The move infuriated Finance Committee Chairman Charles E. Grassley (R-Iowa) and Health, Education, Labor and Pensions Committee Chairman Mike Enzi (R-Wyo.), who had spent months seeking a compromise centered in part on the tax extensions. Frist thanked the two senators in a statement yesterday "for working hard to address the pensions issue," but he said that an impasse between House and Senate conferees forced him to try a different tack.

Aides to Frist said they believe they will prevail on a crucial vote (perhaps later this week) needed to overcome the Democrats' promised filibuster of the minimum wage-estate-tax bill. Backers will need 60 votes in the 100-member Senate to proceed. Republicans hold 55 seats. Even if a filibuster is overcome, the bill might be amended, forcing new negotiations with the House.

Senate Minority Leader Harry M. Reid (D-Nev.) "is confident the Senate will defeat this fiscally irresponsible estate-tax proposal, as we have in the past," said his spokesman, Jim Manley.

Sen. Edward M. Kennedy (D-Mass.) said in a statement, "Republicans are playing politics with the lives of hardworking people. . . . It's political blackmail to say the only way that minimum wage workers can get a raise is to give tax giveaways to the wealthiest Americans."

Frist used the term "death tax" for the estate levy in his statement, but made no direct mention of the minimum wage increase.
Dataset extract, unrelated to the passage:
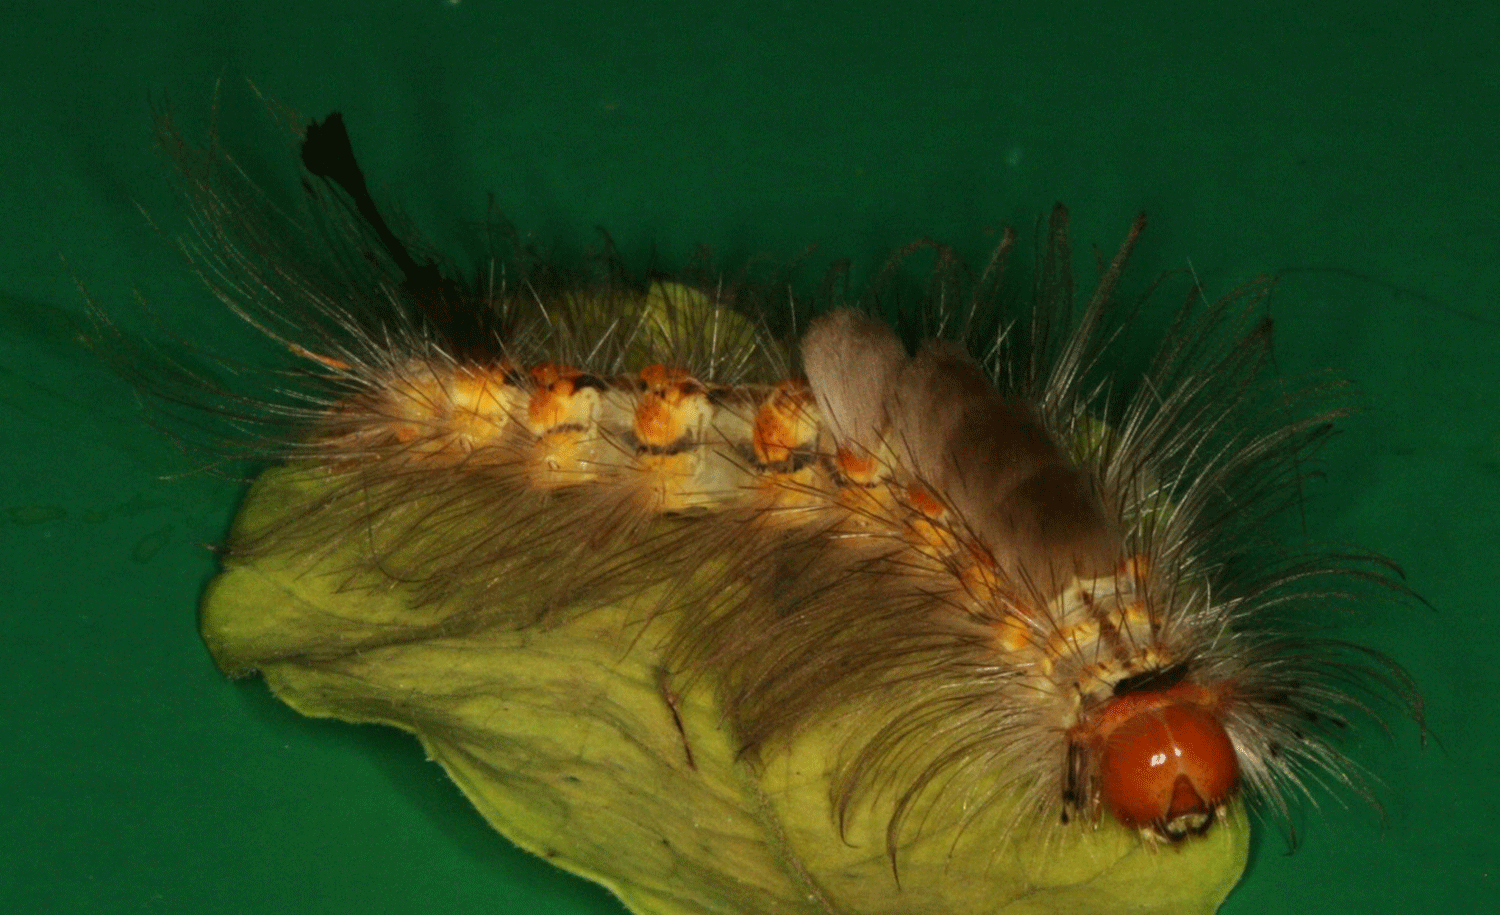 Really hairy caterpillar

This week, "the Senate will test whether or not there is enough support among its members to reform the unfair death tax," he said.
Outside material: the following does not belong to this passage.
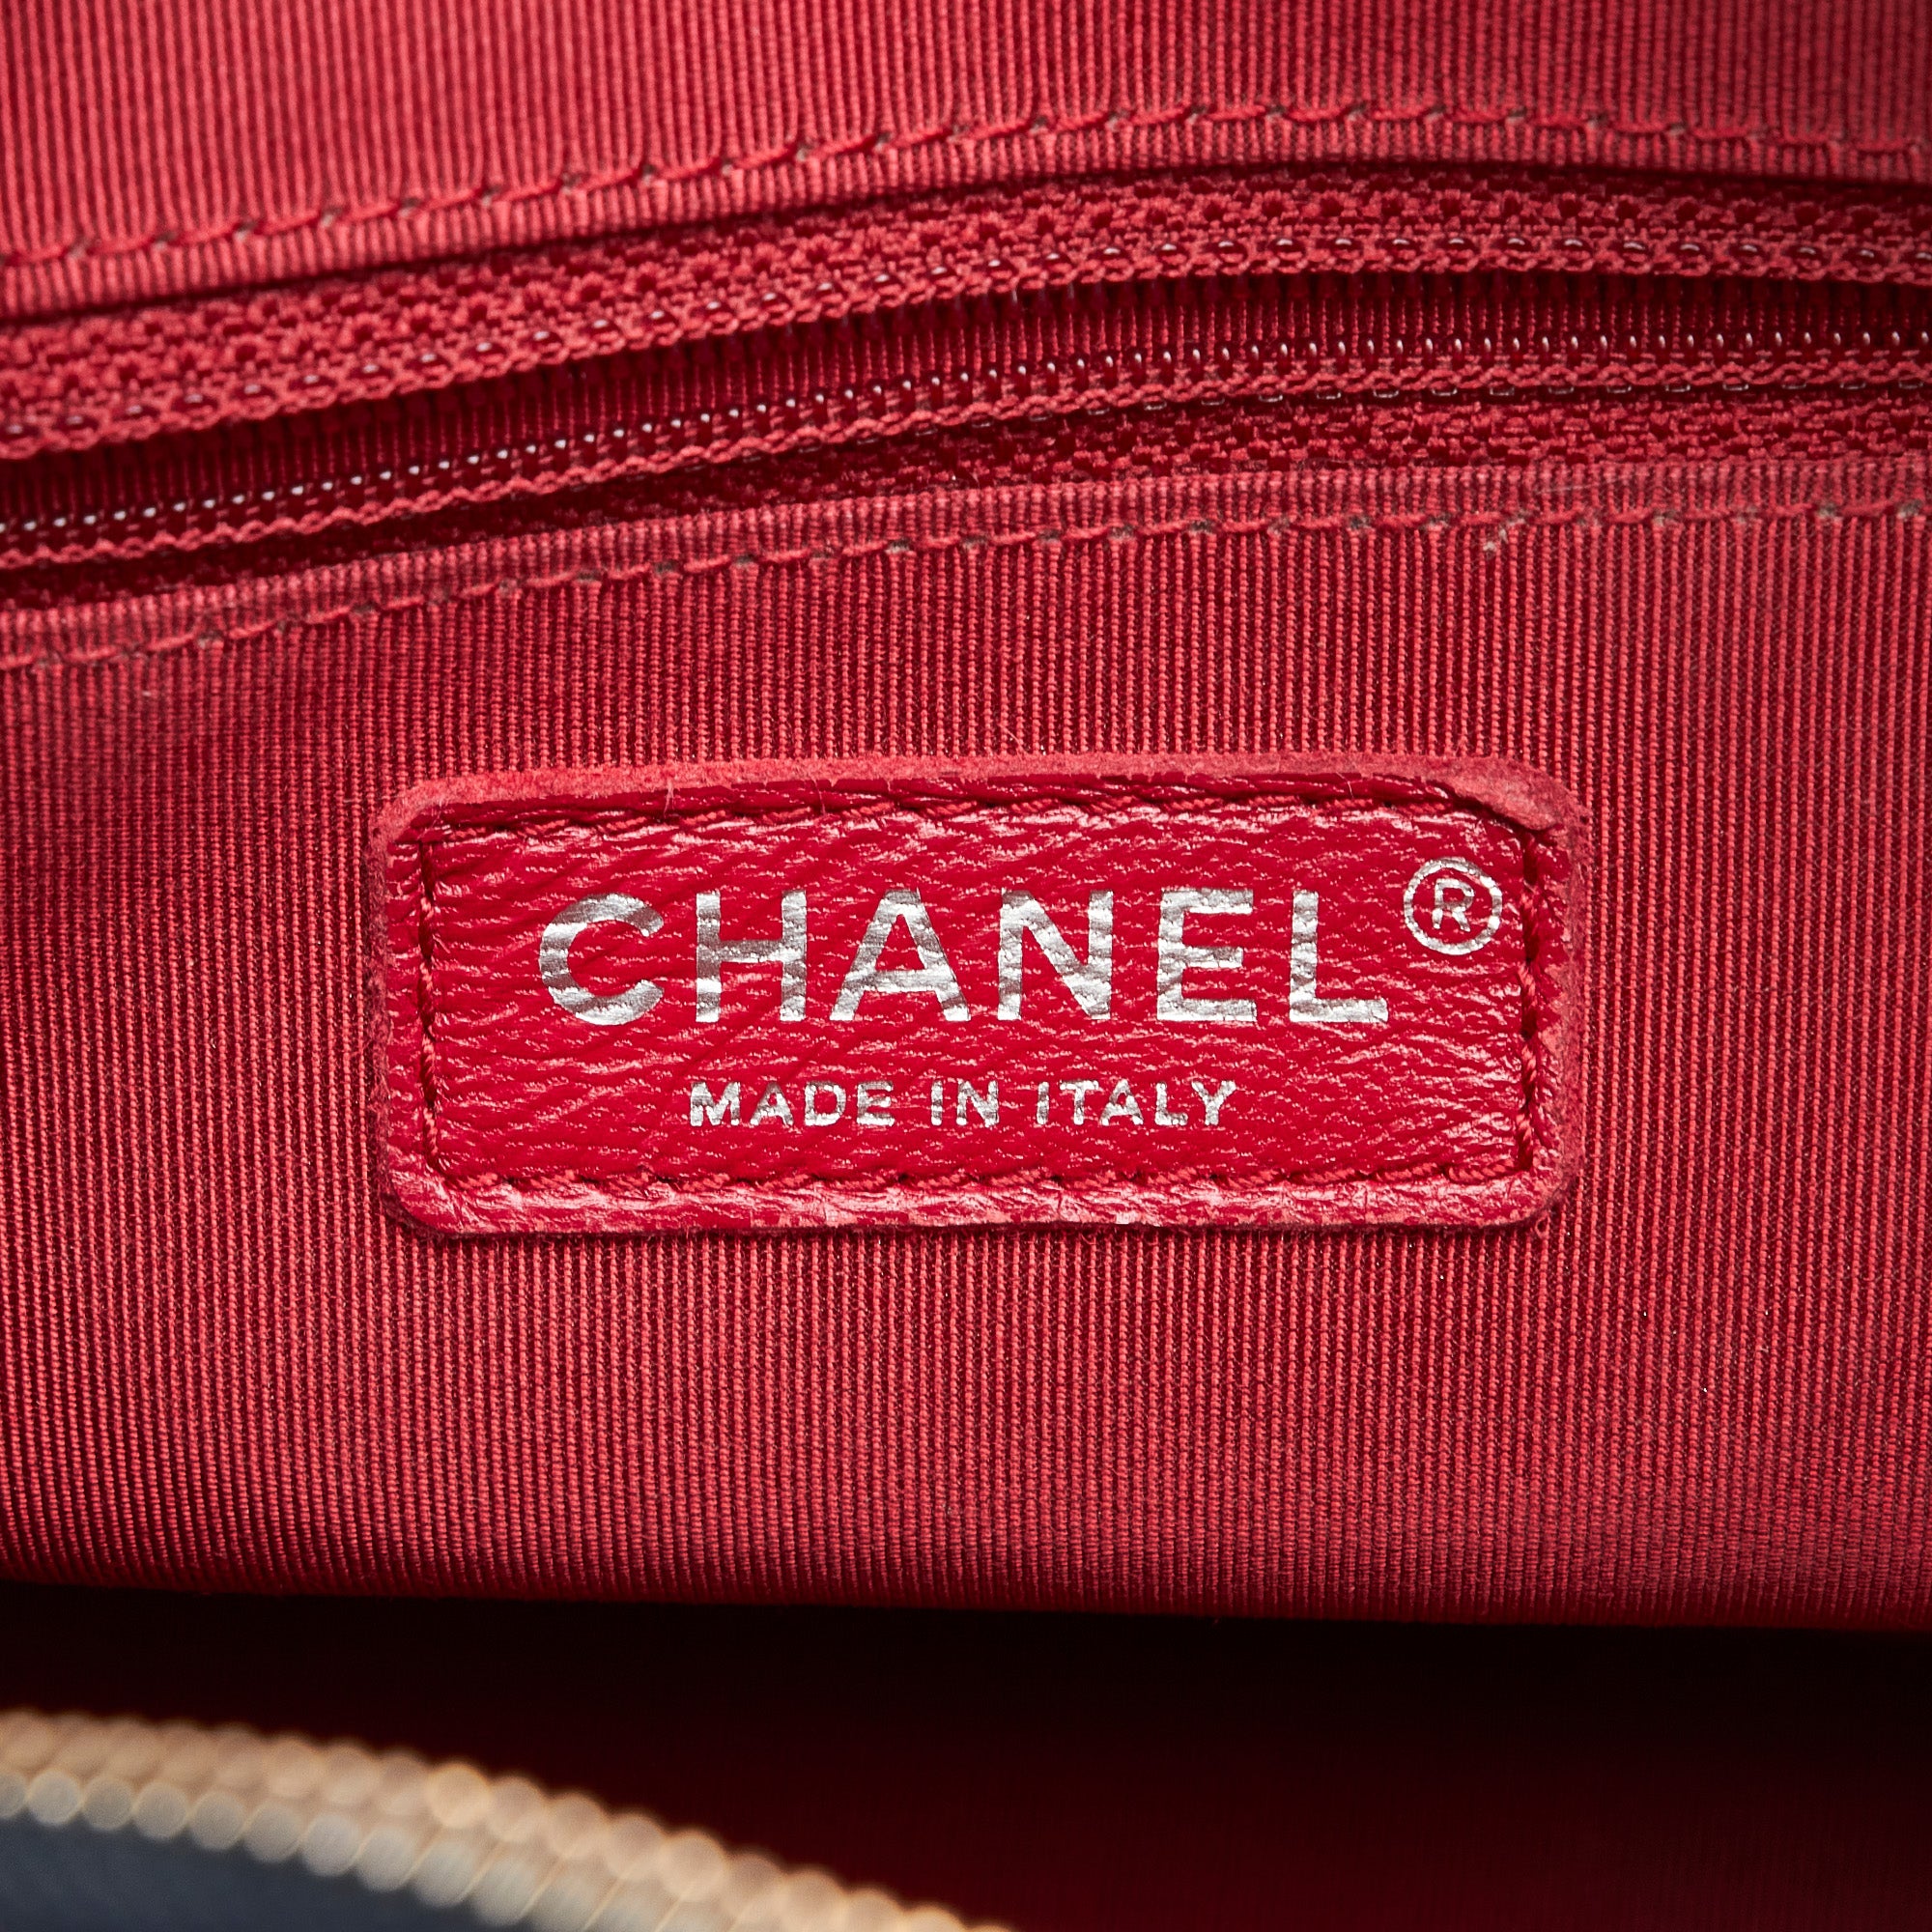 Chanel Tweed Small Gabrielle Bag - Blue Crossbody Bags, Handbags -  CHA577496

If the House sticks to its schedule, it will have worked 84 days this year when votes were scheduled, 26 fewer than the Congress that President Harry S. Truman labeled "do-nothing" during his come-from-behind 1948 campaign. Indeed, in 31 of the past 40 sessions of Congress, the House met more days before the July 4 break than the current House is scheduled to meet before the November election, Minority Whip Steny H. Hoyer (D-Md.) said.

The year started with the guilty plea of former Republican lobbyist Jack Abramoff and vows from congressional leaders to rein in lobbyists' influence by spring. Two deadlines have passed, and House-Senate negotiators appear unable to complete a bill.

The House passed immigration legislation in December, promising to get a bill to Bush's desk that would seal the borders and crack down on undocumented workers. The Senate passed a much different bill this year, and formal negotiations between the two chambers have not begun. All legislation dies when this Congress adjourns.

An Arab-government-owned company's purchase of operations at six major U.S. ports produced a political firestorm in February, but promised port security bills have yet to reach the president. House and Senate negotiators did not even try to reconcile their differences on a budget blueprint governing spending levels and tax policy.

Nor, so far, has Congress taken up the Supreme Court's invitation to pass legislation creating military tribunals to try terrorism suspects, a step necessary to make such tribunals constitutional.

"The do-nothing Congress got that moniker not for the days it met but for the lack of work it did," Hoyer said. "If this Republican Congress addressed health-care issues, the minimum wage, lobbying reform and energy independence, and did it all in 10 days, the American people would say, 'That's great.' But they're not doing anything."